Problem to work on — Write out again, word for word, the lines below from the line that holds "Letter Of Recommendation" through the line that holds "G0 G1 Switch", omitting pictures.

Data —
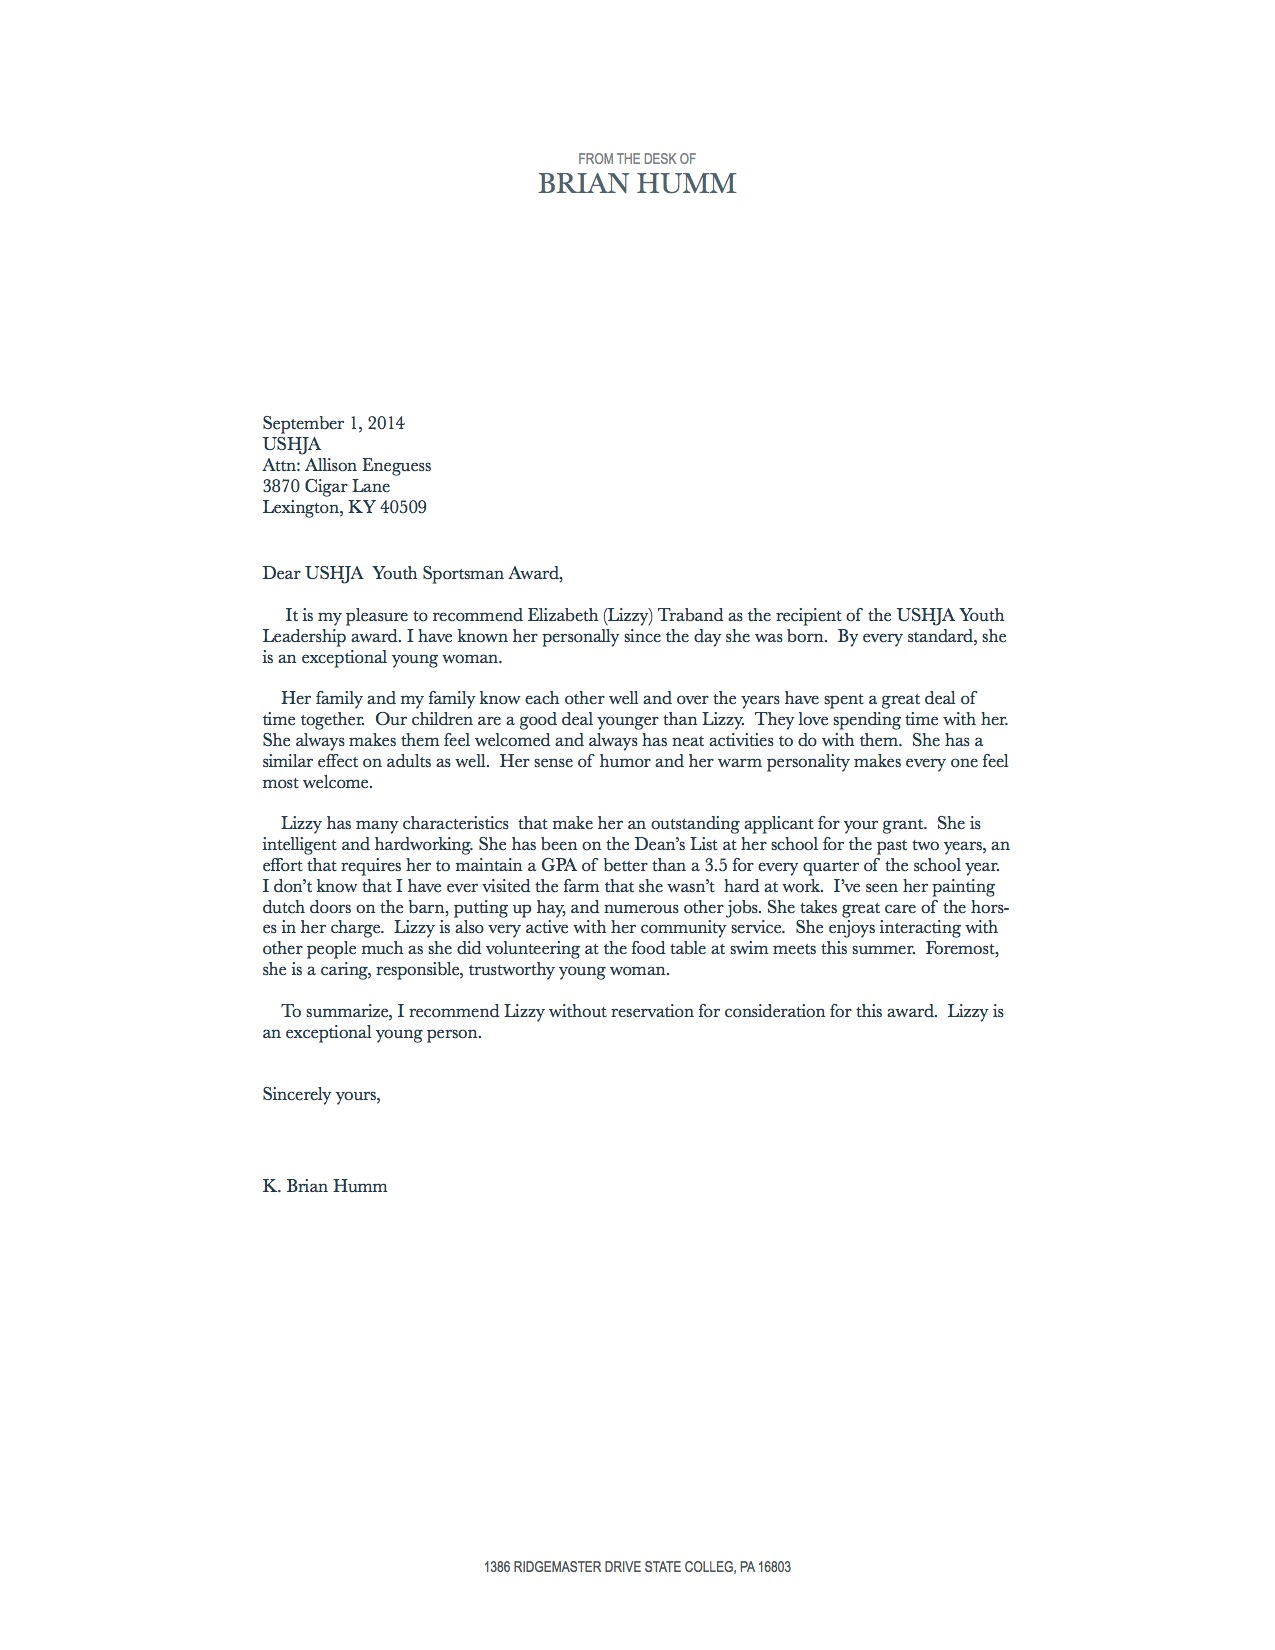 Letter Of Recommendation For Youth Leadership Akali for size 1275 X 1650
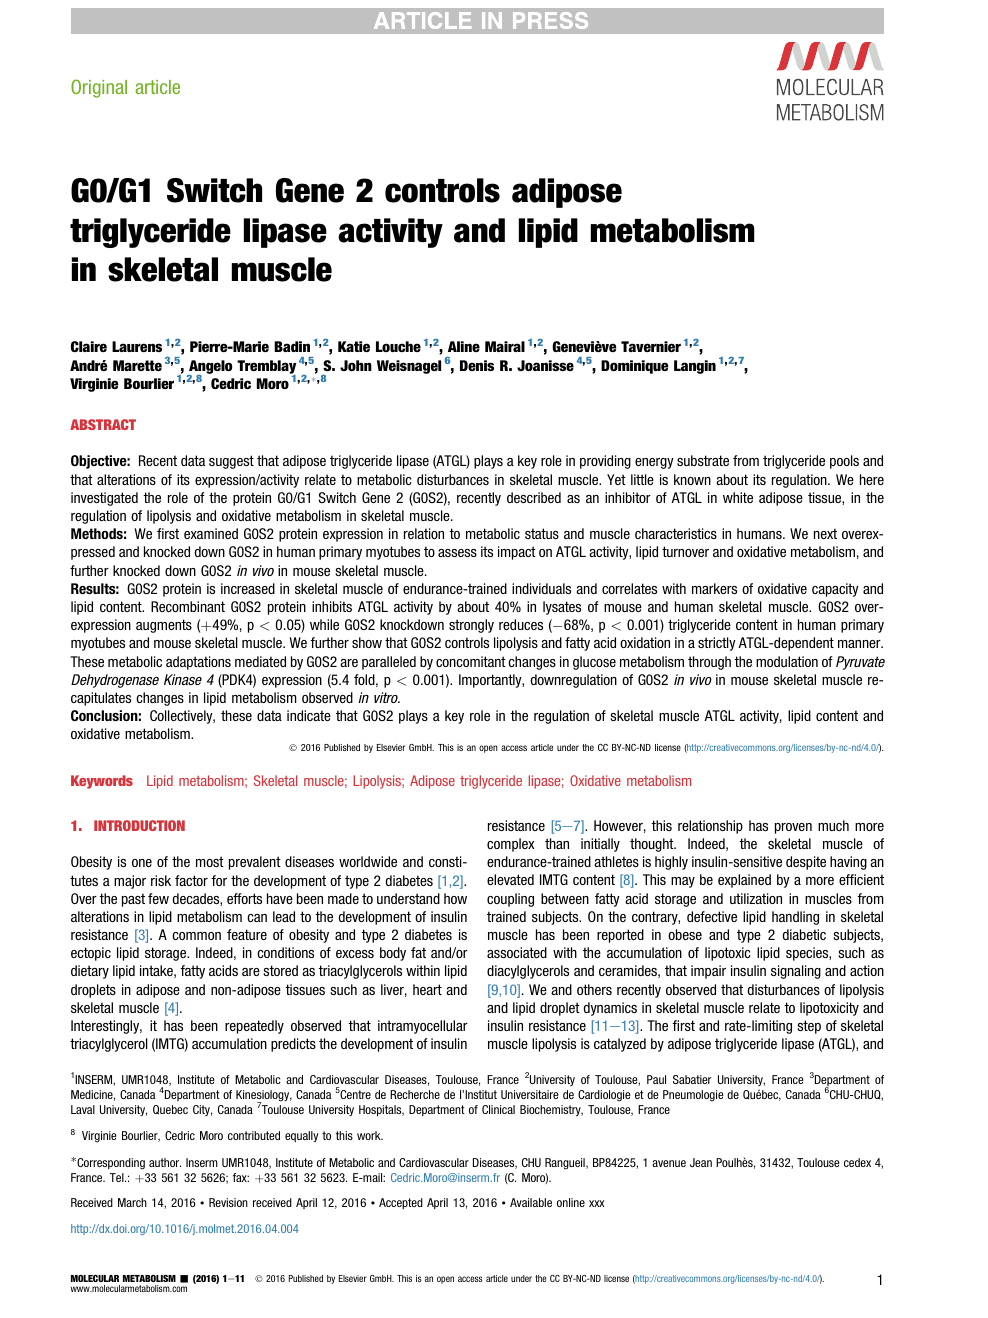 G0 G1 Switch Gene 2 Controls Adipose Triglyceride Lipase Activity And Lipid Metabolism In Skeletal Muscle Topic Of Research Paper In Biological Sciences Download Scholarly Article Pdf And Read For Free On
* * *
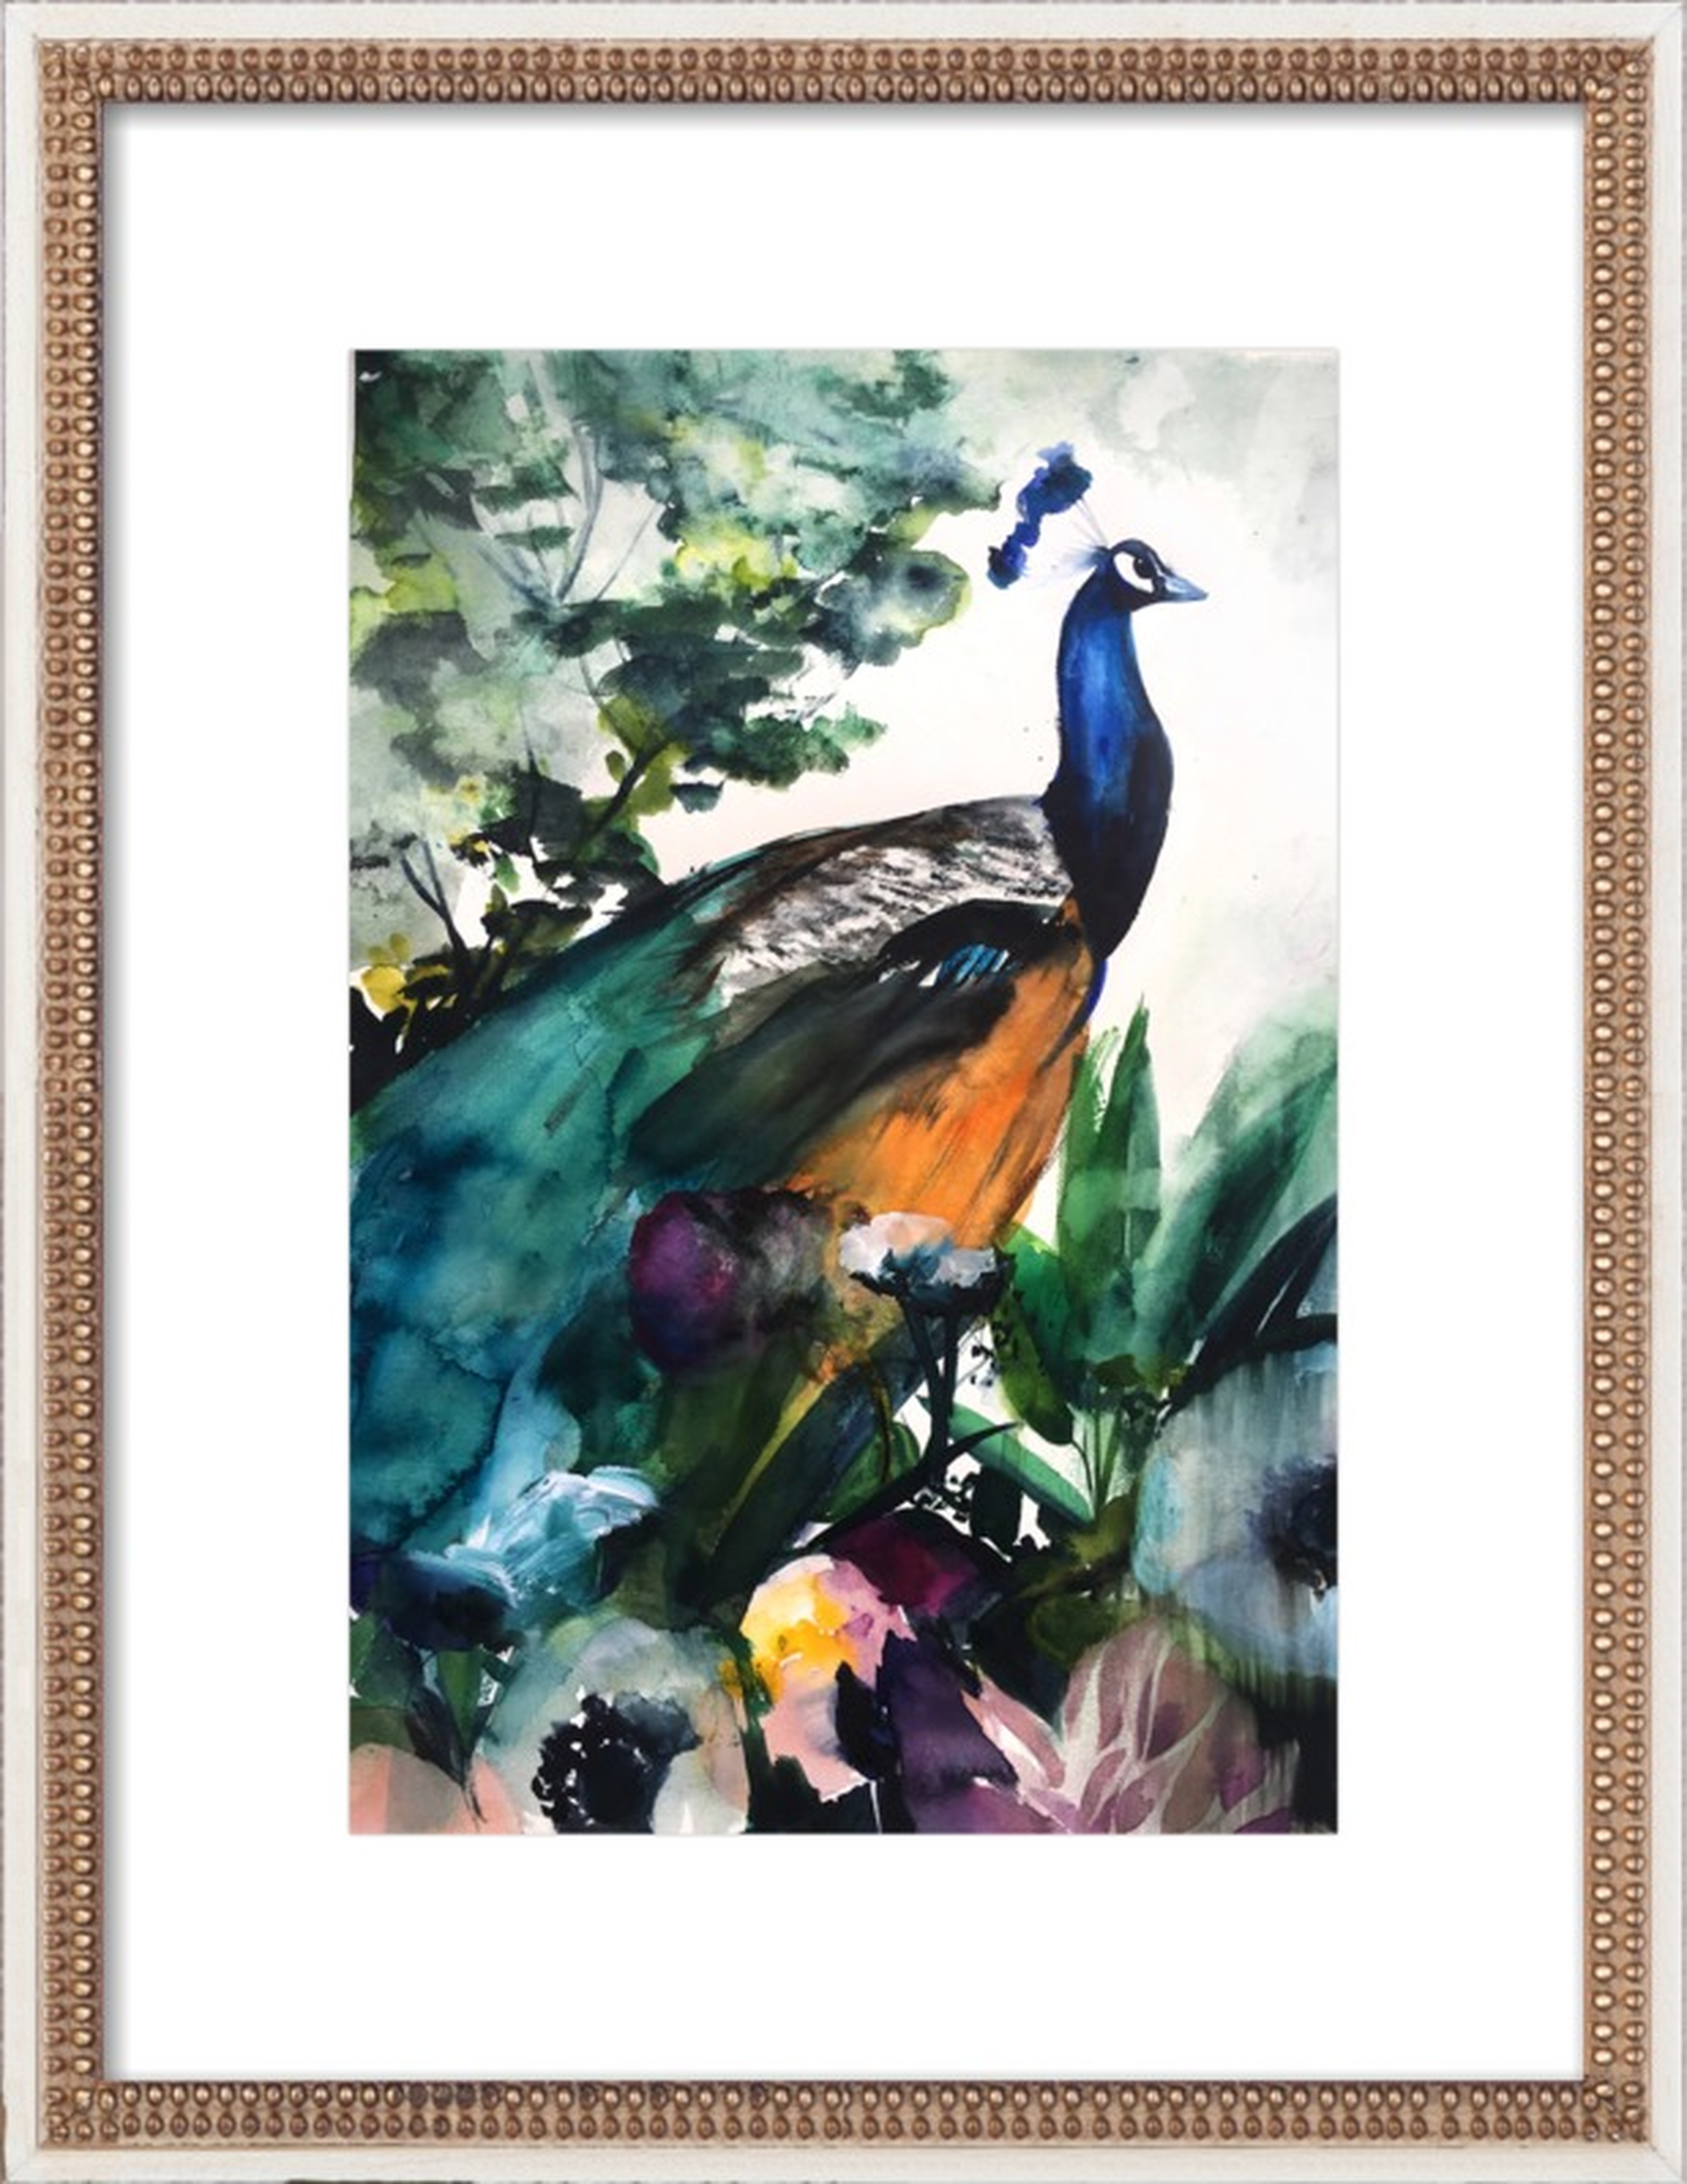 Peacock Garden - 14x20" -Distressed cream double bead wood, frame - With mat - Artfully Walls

Result for this task —
 Letter Of Recommendation For Youth Leadership Akali for size 1275 X 1650
 G0 G1 Switch Gene 2 Controls Adipose Triglyceride Lipase Activity And Lipid Metabolism In Skeletal Muscle Topic Of Research Paper In Biological Sciences Download Scholarly Article Pdf And Read For Free On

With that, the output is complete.